Discharge of sureties
(4) An endorsement under subsection (3) vacates the recognizance and discharges the sureties.
R.S., 1985, c. C-46, s. 766; R.S., 1985, c. 27 (1st Supp.), s. 203.
Render of accused in court by sureties
767. A surety for a person who is bound by recognizance to appear may bring that person into the court at which he is required to appear at any time during the sittings thereof and before his trial and the surety may discharge his obligation under the recognizance by giving that person into the custody of the court, and the court shall thereupon commit that person to prison until he is discharged according to law.
R.S., c. C-34, s. 701.
When a surety renders under s. 766 or 767 and the accused is then committed to prison under s. 767(2), only then is the recognizance vacated and the surety completely discharged. In this circumstance, s. 767.1 does not apply and would not permit re-release with a new surety under the same terms.

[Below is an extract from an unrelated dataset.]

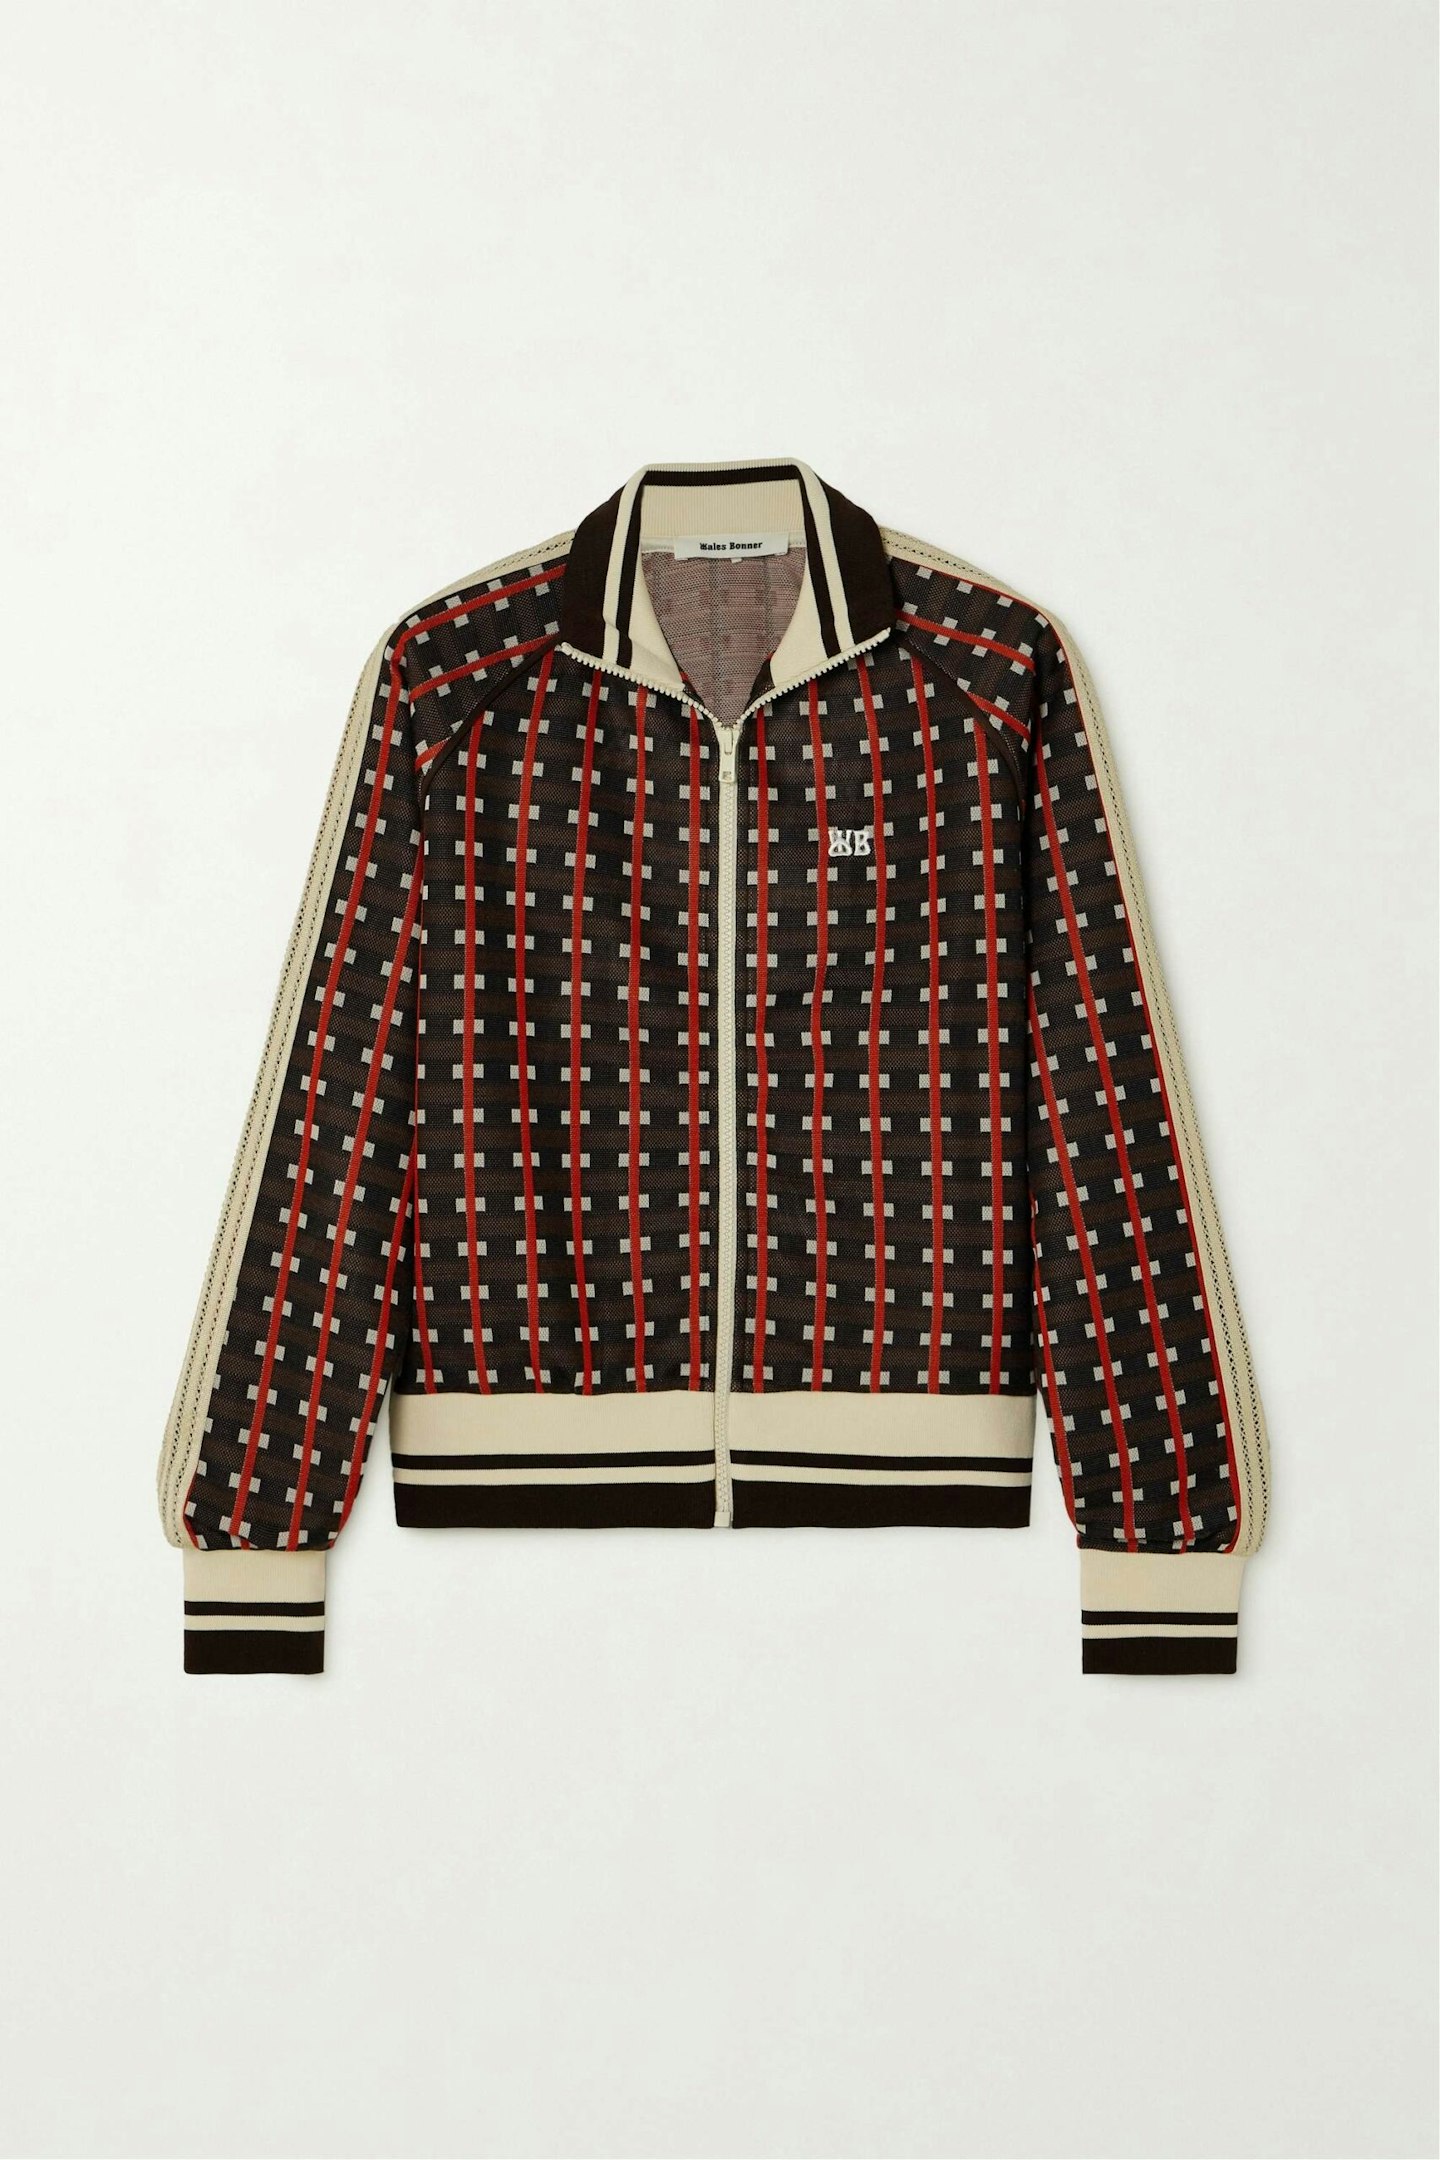 Wales Bonner Power Crochet-Trimmed Recycled Jacquard-Knit Track Jacket

Application of judicial interim release provisions
769. Where a surety for a person has rendered him into custody and that person has been committed to prison, the provisions of Parts XVI, XXI and XXVII relating to judicial interim release apply, with such modifications as the circumstances require, in respect of him and he shall forthwith be taken before a justice or judge as an accused charged with an offence or as an appellant, as the case may be, for the purposes of those provisions.
R.S., c. C-34, s. 703; R.S., c. 2(2nd Supp.), s. 14.
After the surety has rendered and the accused is taken back into custody, s. 769 requires a new bail hearing for any future release.
Change of Surety
Where a surety no longer wishes to be responsible as a surety for the accused and there is a suitable substitution available, the surety will render surety under s. 766(1) and 767, but rather than render the accused into custody, the court may substitute the previous surety with a new one under s. 767.1. The new surety is in place once he has signed the recognizance.
Substitution of surety
767.1 (1) Notwithstanding subsection 766(1) and section 767, where a surety for a person who is bound by a recognizance has rendered the person into the custody of a court pursuant to section 767 or applies to be relieved of his obligation under the recognizance pursuant to subsection 766(1), the court, justice or provincial court judge, as the case may be, may, instead of committing or issuing an order for the committal of the person to prison, substitute any other suitable person for the surety under the recognizance.
Signing of recognizance by new sureties
(2) Where a person substituted for a surety under a recognizance pursuant to subsection (1) signs the recognizance, the original surety is discharged, but the recognizance and the order for judicial interim release pursuant to which the recognizance was entered into are not otherwise affected.
R.S., 1985, c. 27 (1st Supp.), s. 167.